Rationale: Summarizing improves retention and confirms mutual understanding.
A patient with high anxiety and stress is unable to focus during discharge teaching. This is an example of this barrier to learning.
What is emotional stress (or psychological barrier)?
Rationale: Stress limits attention and retention, making teaching ineffective until addressed.
This leadership style focuses on rewards and consequences for performance.
What is transactional leadership?
Rationale: Transactional leadership is task-focused and based on performance outcomes.
A nurse fails to follow up after delegating a task, resulting in patient harm. This violates this delegation principle.
What is the right supervision/evaluation?
Rationale: The RN is always accountable for monitoring outcomes of delegated tasks.
A nurse adapts care to align with a patient’s religious beliefs about end-of-life decisions.
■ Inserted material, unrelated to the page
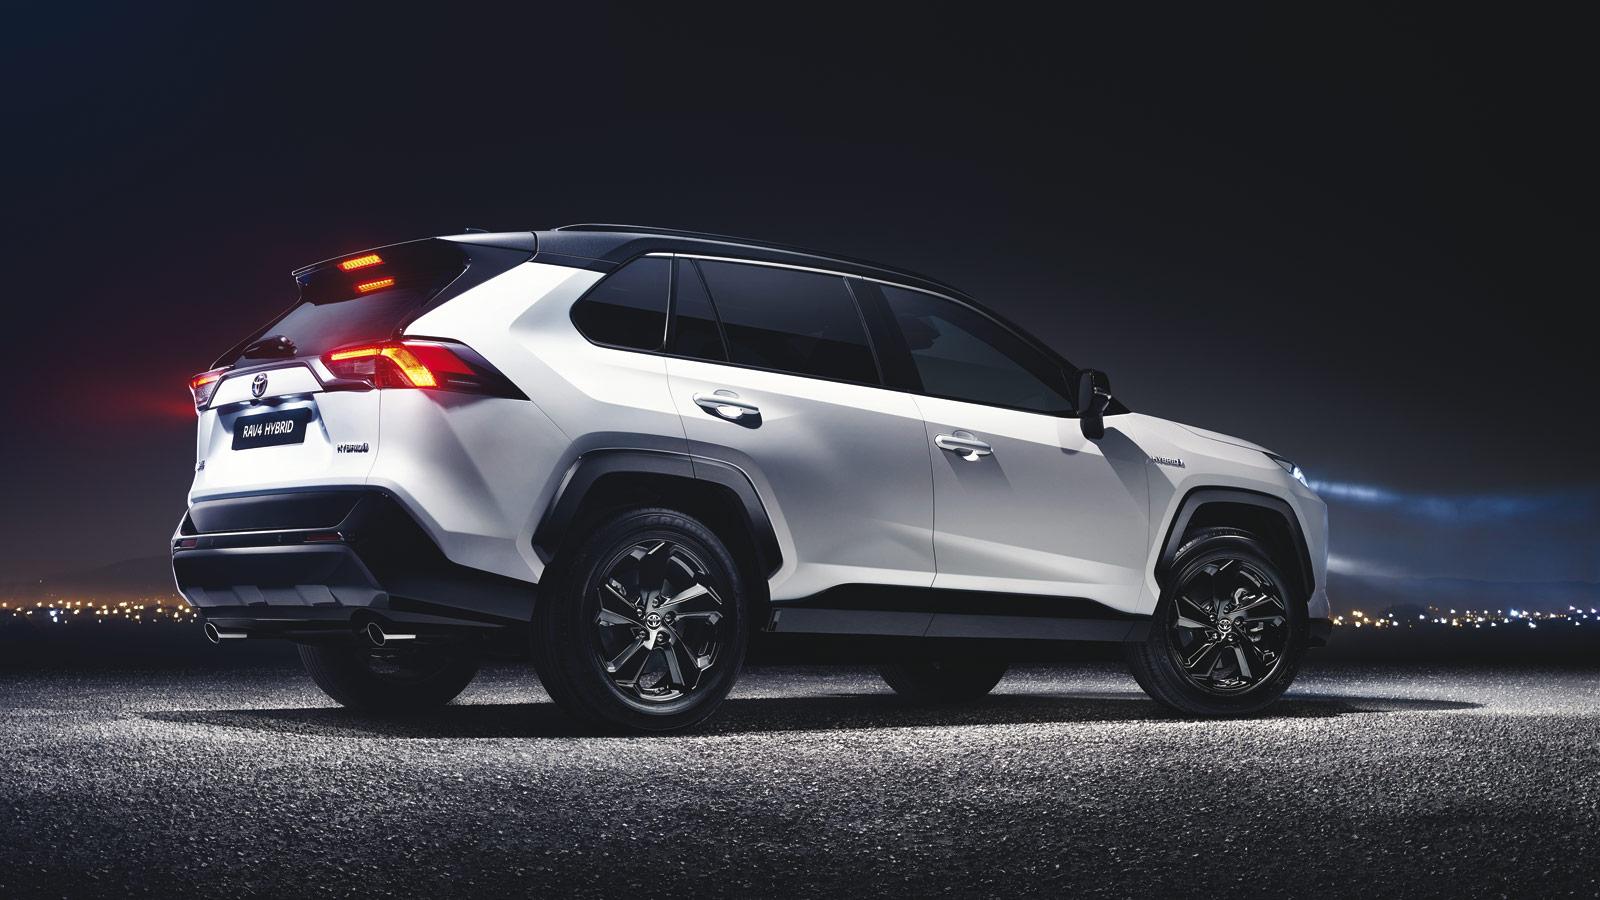 Toyota RAV4 2019 Seiten- und Heckansicht des neuen SUV Bildquelle: toyota.de

This reflects this principle.
What is respecting cultural/religious beliefs in care?
Rationale: Patient-centered care includes honoring beliefs even when they differ from the nurse’s.
Negligence by a professional nurse that leads to patient harm is called this.
What is malpractice?
Rationale: Malpractice is professional negligence with legal consequences.
Keeping promises and maintaining trust reflects this principle.
What is fidelity?
Rationale: Fidelity strengthens the nurse-patient relationship.
A nurse witnesses a colleague making a stereotype-based comment about a patient. The nurse should take this action.
What is address the behavior and advocate for the patient?
Rationale: Advocacy includes confronting bias and protecting patient dignity.
A competent adult Jehovah’s Witness patient refuses a life-saving blood transfusion. The nurse understands that the priority action is to respect this ethical principle.
What is autonomy?
Rationale: Competent patients have the legal and ethical right to refuse treatment, even if it results in death.